O medo de contaminar o bebé com a sua tristeza e a culpa associada, fê-la introduzir o pai para que o bebé não seja ela. O marido dava-lhe uma função parental e a função parental que o marido lhe dava mudava tudo. Havia o casal de antes e o casal de depois, daí que quando a investigadora lhe perguntava como é que imaginava o marido como pai ela respondesse:

(M) Um pai muito querido e muito dedicado, como ele é… quando temos dúvidas sobre a capacidade do outro para dar apoio… eu nesta situação fiquei… pronto… ele tem-se revelado impecável… não era preciso, nós não precisávamos de passar por este teste, nem eu nem ele, mas já que passámos, que o lado positivo seja esse…

Se antes a Sara era interpelada por fora/desde fora, quando no seguimento da entrevista se referia aos pontapés do bebé e ao facto de ver os pés do filho na ecografia dizendo que deveria ter os pés grandes como os do marido era interpelada de dentro, pelos elementos masculinos. O estabelecimento de uma nova relação e de uma interação mãe-bebé deixavam espaço para um bebé restabelecido e intacto, tal como para uma mãe igualmente restabelecida e intacta. As suas identificações oscilavam entre a mulher adulta e o bebé que tinha.

Ao longo da entrevista revelou que não conseguia falar de outra coisa senão da história do choque. Condensava papéis de várias figuras. Falou dos pais falando dela como mãe e pai, não falou deles como pais dela. A questão temporal continuava entrecortada. A parentalidade atual servia-lhe para falar da parentalidade dos pais.

Havia nela uma condensação no atual. A angústia do atual fazia-a ficar numa espécie de expectativa vazia sobre o que iria acontecer. Nestes dias mais complicados Sara não conseguia pensar e por vezes o dentro e o fora, a vida e a morte, confundiam-se e entrelaçavam-se numa espécie de labirinto. Neste “estado” psíquico não se sabia o que iria emergir.

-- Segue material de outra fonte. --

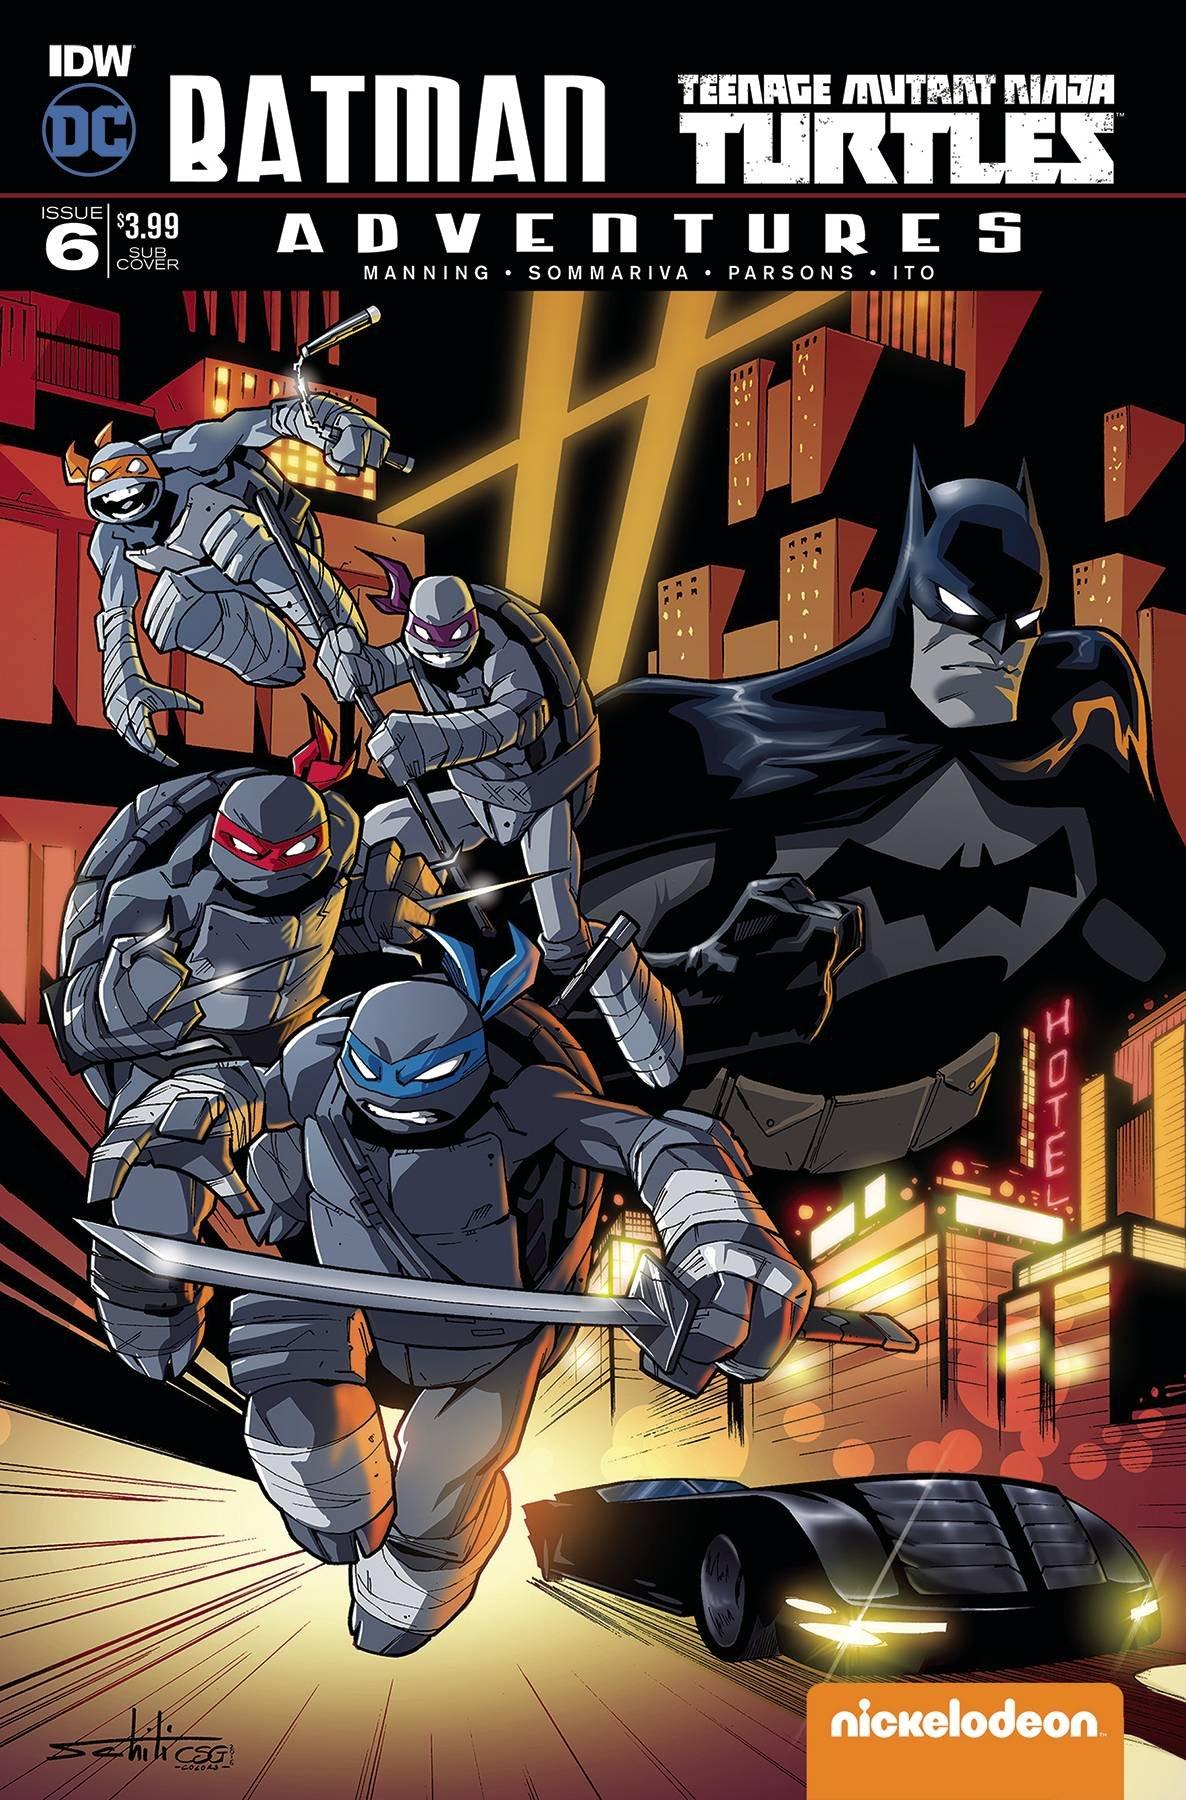 BATMAN TEENAGE MUTANT NINJA TURTLES ADVENTURES #6 (OF 6 ...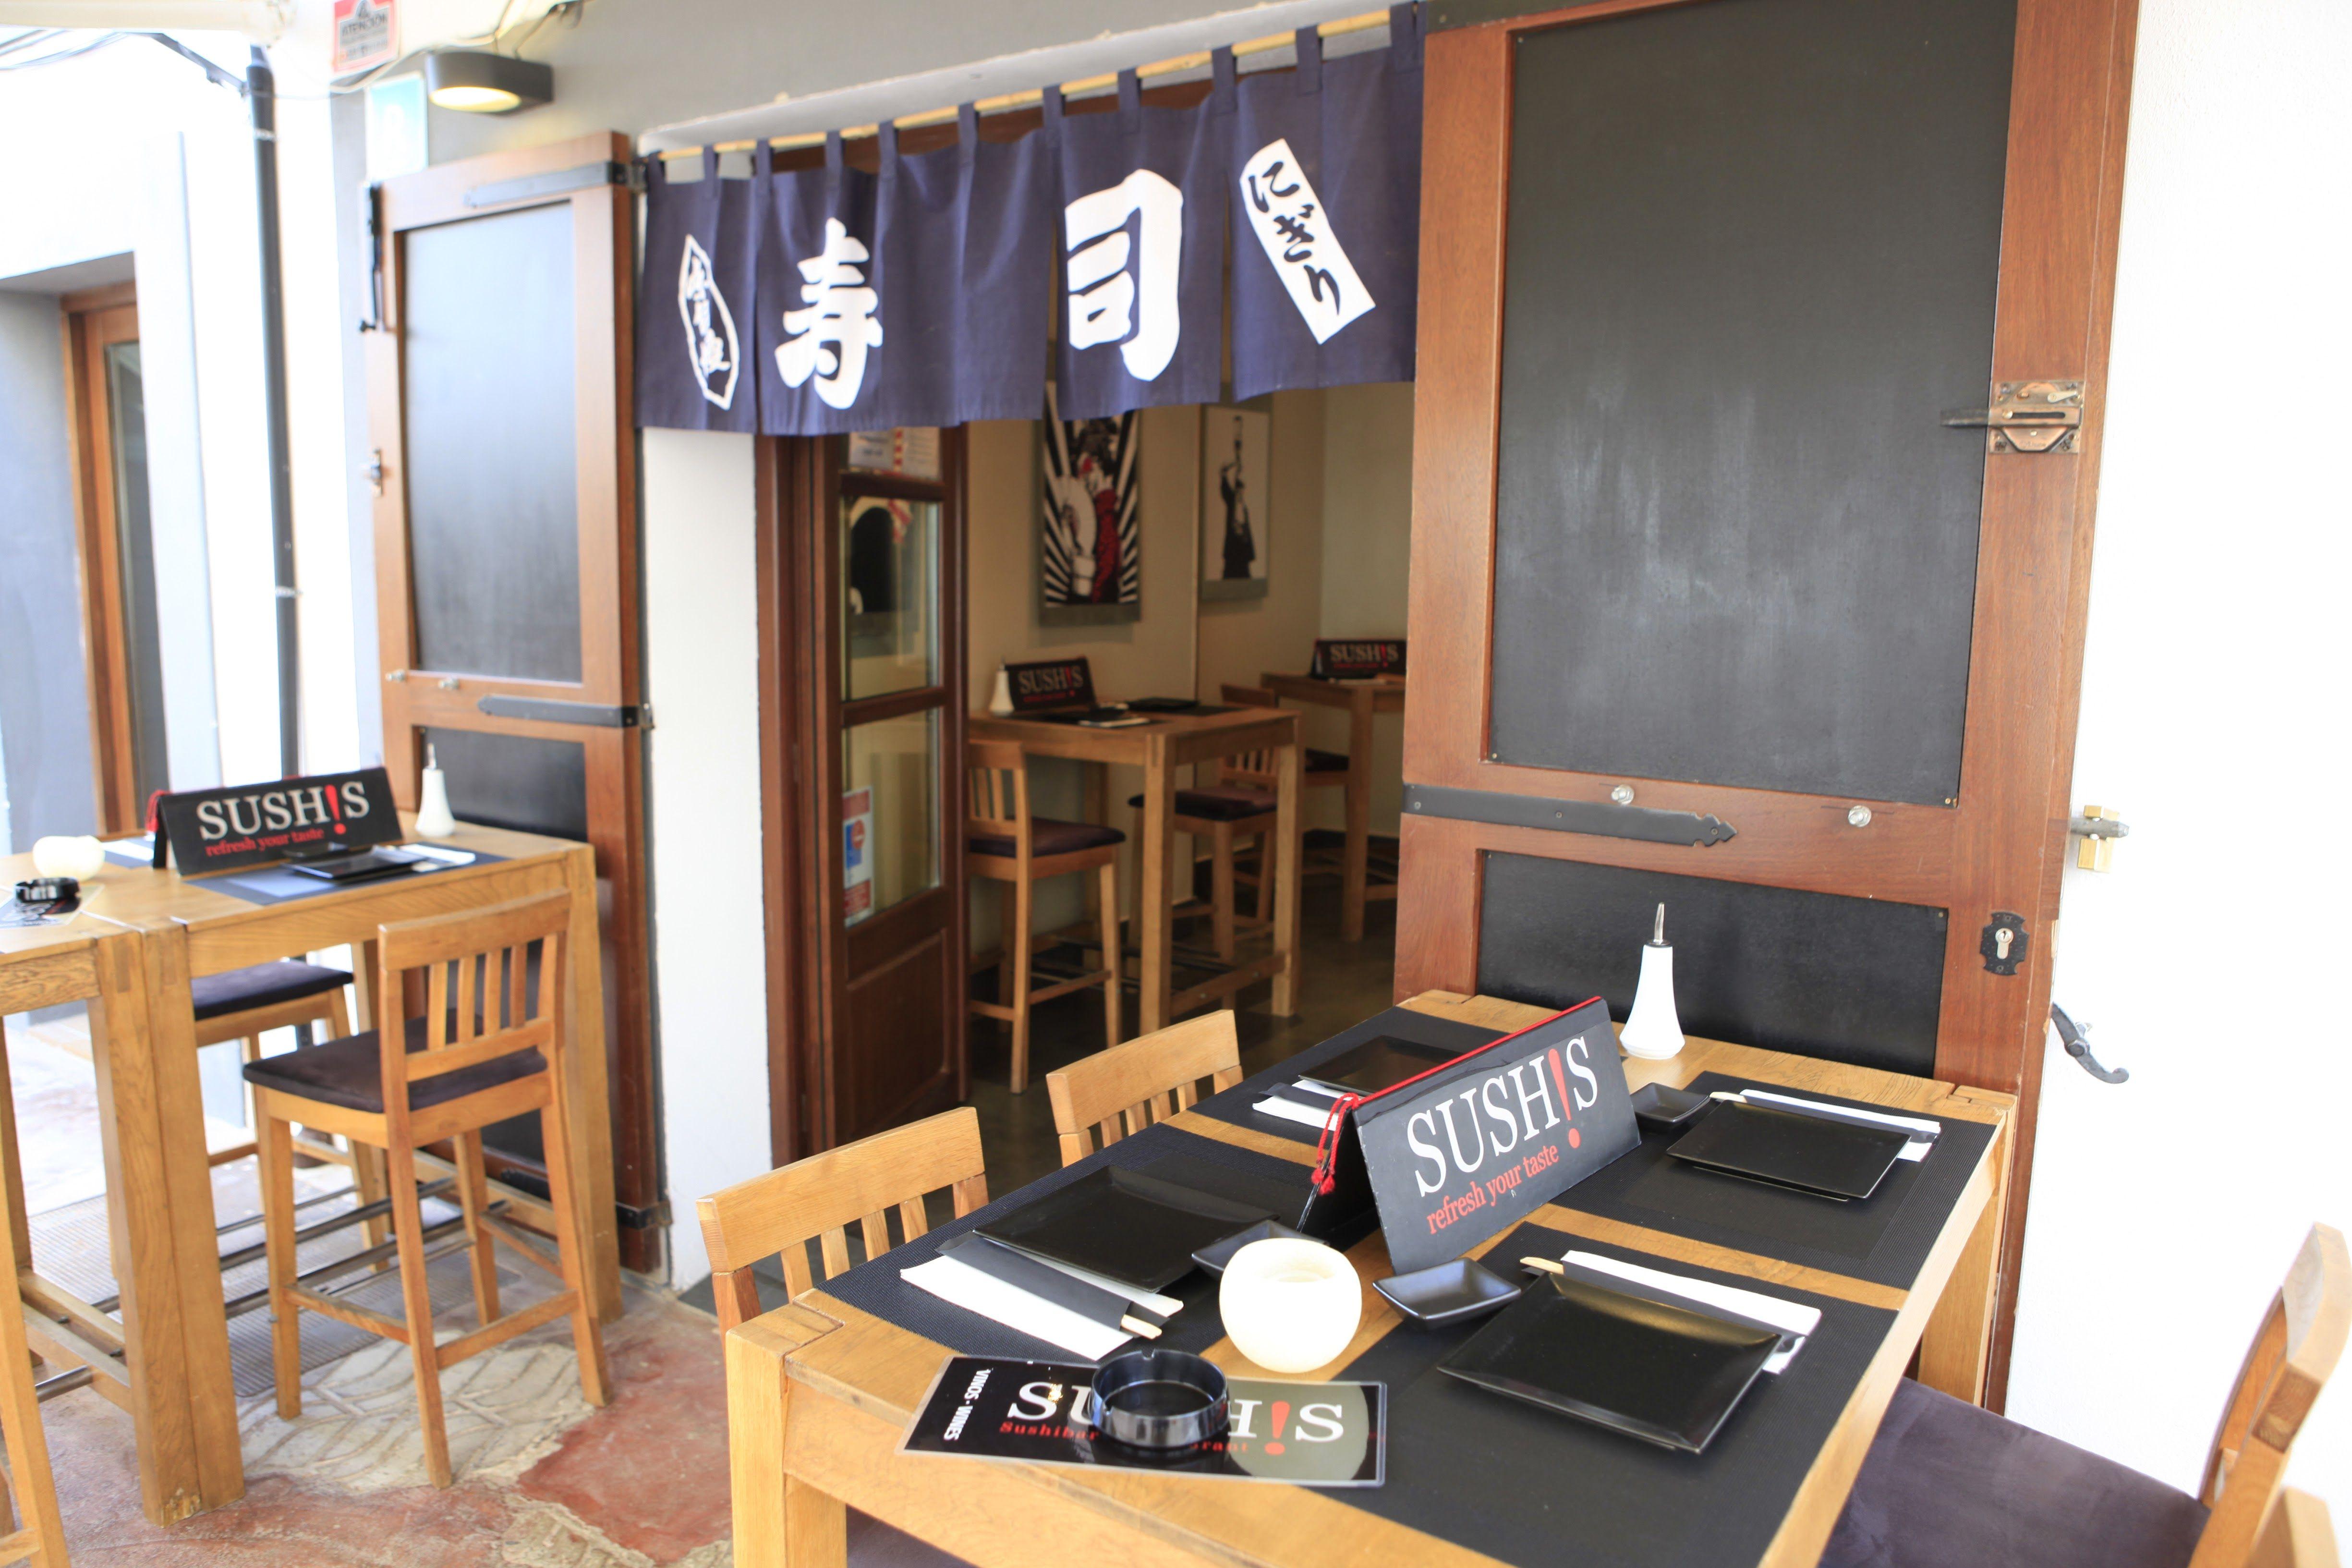 Foto 10 de Cocina japonesa en Ibiza   Sushis Ibiza

Porém, no desenrolar das visitas no dizer de Sara ficava mais claro como todo o seu ser e estar assentavam numa capacidade negativa, na espera, no incerto, no não saber e no sonho, mas com tolerância à frustração. Ela sustentava um projeto de vida, manifestava um potencial que parecia permitir tornar-se mãe, estando a preparar-se para todas as eventualidades. A atenção flutuante do grupo entre o dizer de Sara, o dizer da investigadora, a relação intersubjetiva estabelecida e o relevo dado às transformações pela abordagem holística que a análise de dados incluía, permitia-nos constatar que Sara tinha uma mente em transformação e crescimento, o seu O era flexível e apto para tolerar a dúvida e a incerteza (Bion, 1962/1991a). A sua espera revelava uma potencialidade transformadora copoiética (Ettinger, 2005) “… sinónimo de tornar-se cada vez mais capaz de sonhar a própria experiência, sonhar-se existindo” (Ogden, 2010b, p. 24).